In these cases, the first line of treatment is typically oxytocin – a medication that helps the uterus contract. If the bleeding continues, treatment options include additional medications, an intrauterine balloon, which inflates within the uterus putting pressure on bleeding vessels; uterine artery embolization, which blocks blood supply to the uterus; and hysterectomy. These treatments are time consuming and combined with additional surgery can lead to life threatening blood loss.

The InPress device works differently. The vacuum-powered device assists the body’s natural response after childbirth by gently contracting the uterus which promotes cessation of blood loss. The single-use silicone device is inserted into the uterus and attached to vacuum suction readily available in hospital rooms.

A small, 10 person trial was conducted in Indonesia in 2014 and 2015. In each case, the InPress device quickly stopped the hemorrhage, usually in a matter of minutes. 

“If this trial is successful, it could change the way postpartum hemorrhage is treated around the world and potentially save many lives, especially in developing countries where the risk of death is greater,” Gross said.

The postpartum hemorrhage intrauterine device is made by InPress Technologies, a startup medical device company created by two biomedical engineers from California Polytechnic State University. InPress Technologies was a company-in-residence at the Fogarty Institute for Innovation, which serves as a catalyst for medical device innovation.

Established in 1836, Saint Louis University School of Medicine has the distinction of awarding the first medical degree west of the Mississippi River. The school educates physicians and biomedical scientists, conducts medical research, and provides health care on a local, national and international level.
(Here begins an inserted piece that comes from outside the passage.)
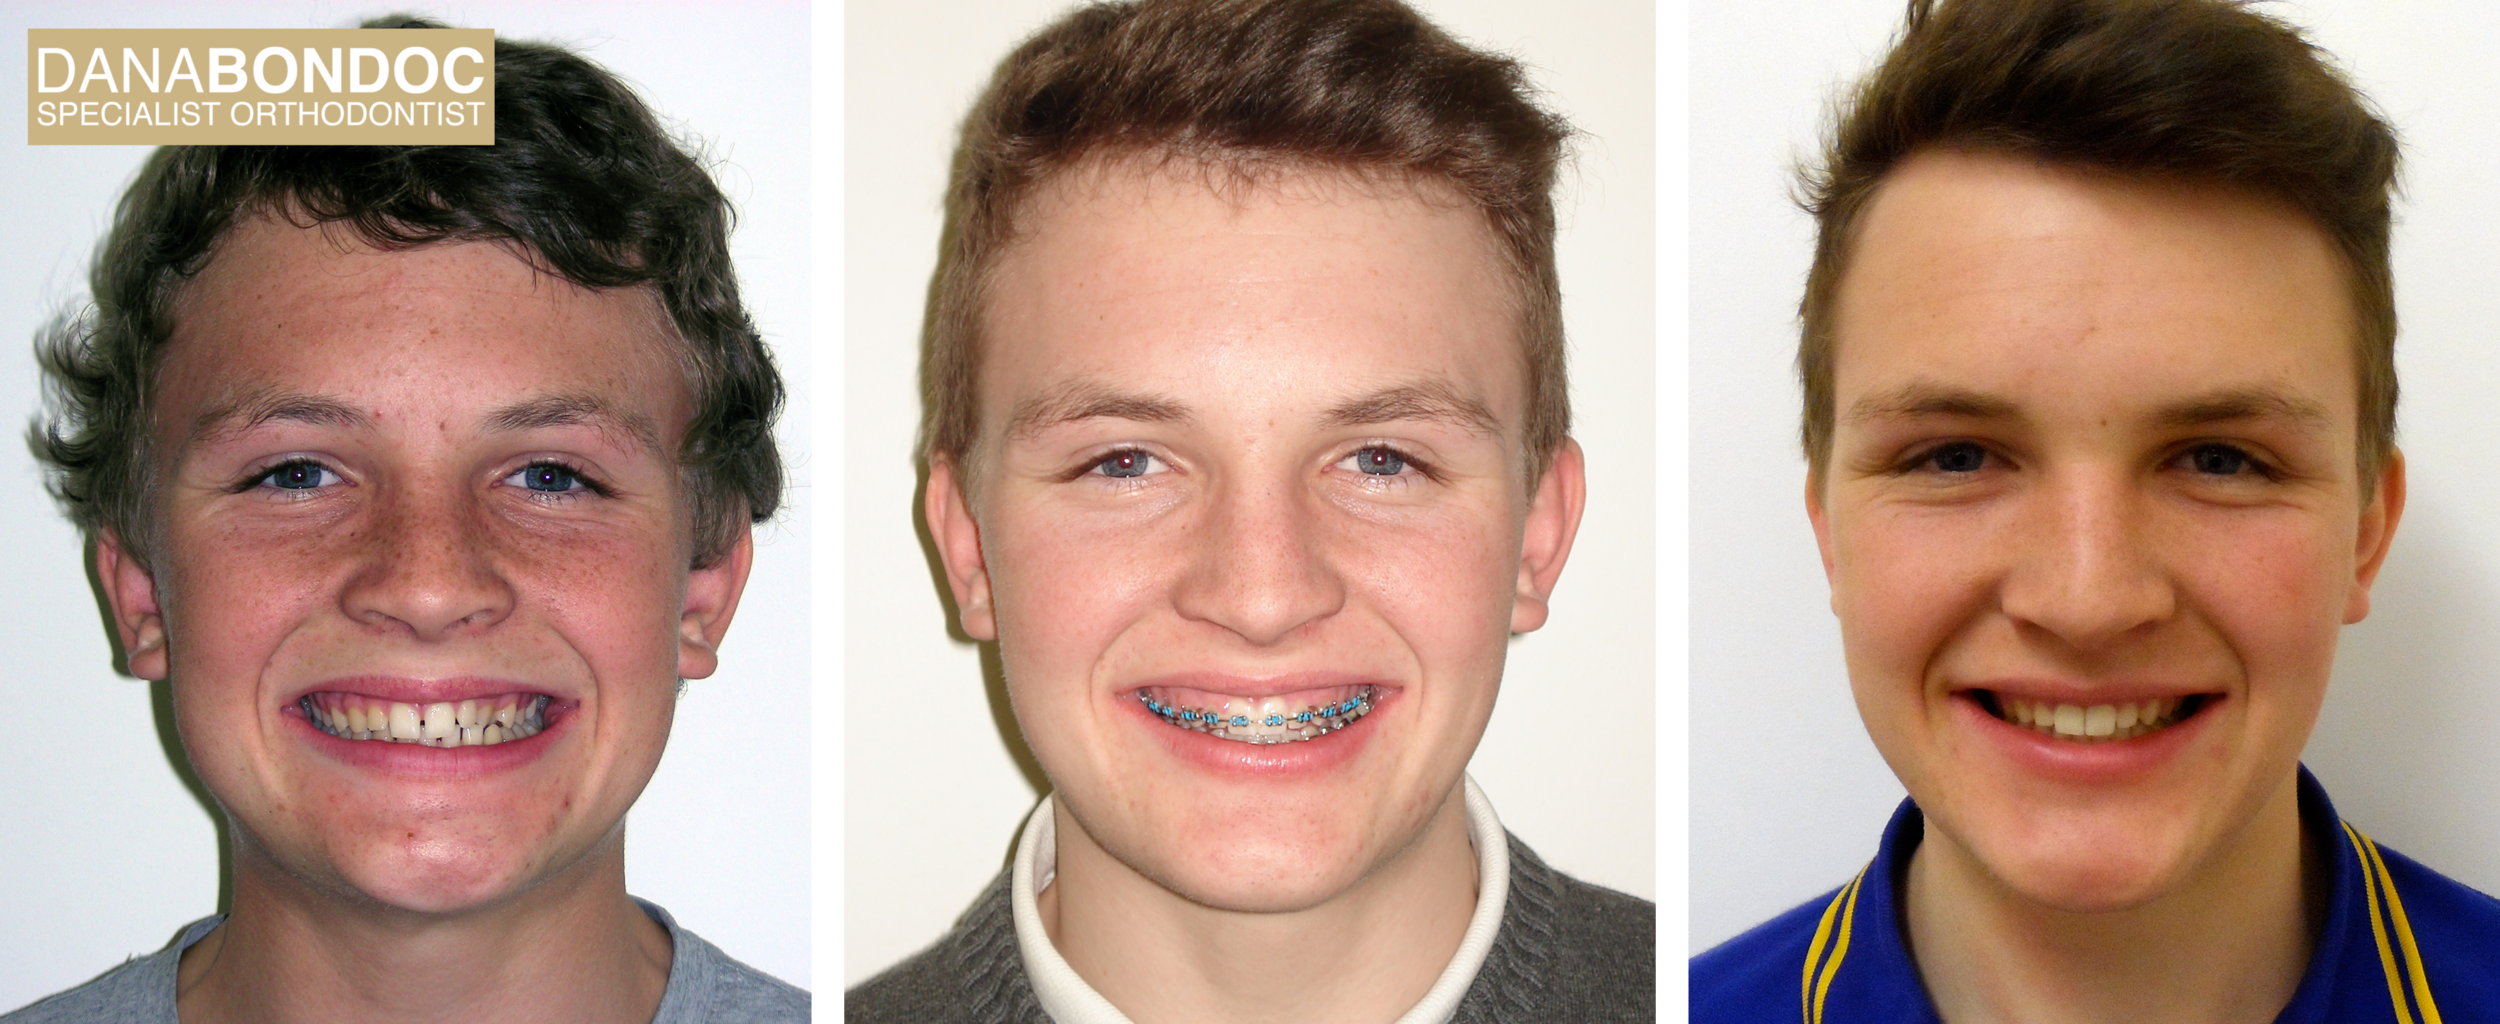 Before treatment, with metal braces on, after treatment photos of a male teenager for the treatment of spacing and an anterior cross bite.

Research at the school seeks new cures and treatments in five key areas: infectious disease, liver disease, cancer, heart/lung disease, and aging and brain disorders.

SLUCare Physician Group is the academic medical practice of Saint Louis University, with more than 500 health care providers and 1,200 staff members in hospitals and medical offices throughout the St. Louis region.

SSM Health is a Catholic, not-for-profit health system serving the comprehensive health needs of communities across the Midwest through one of the largest integrated delivery systems in the nation.

SSM Health St. Mary’s Hospital – St. Louis is a 525-bed hospital specializing in high-risk obstetrics. A teaching hospital, St. Mary’s is home to an accredited internal medicine residency program and to Saint Louis University School of Medicine Obstetrics/Gynecology and Family Practice residency programs.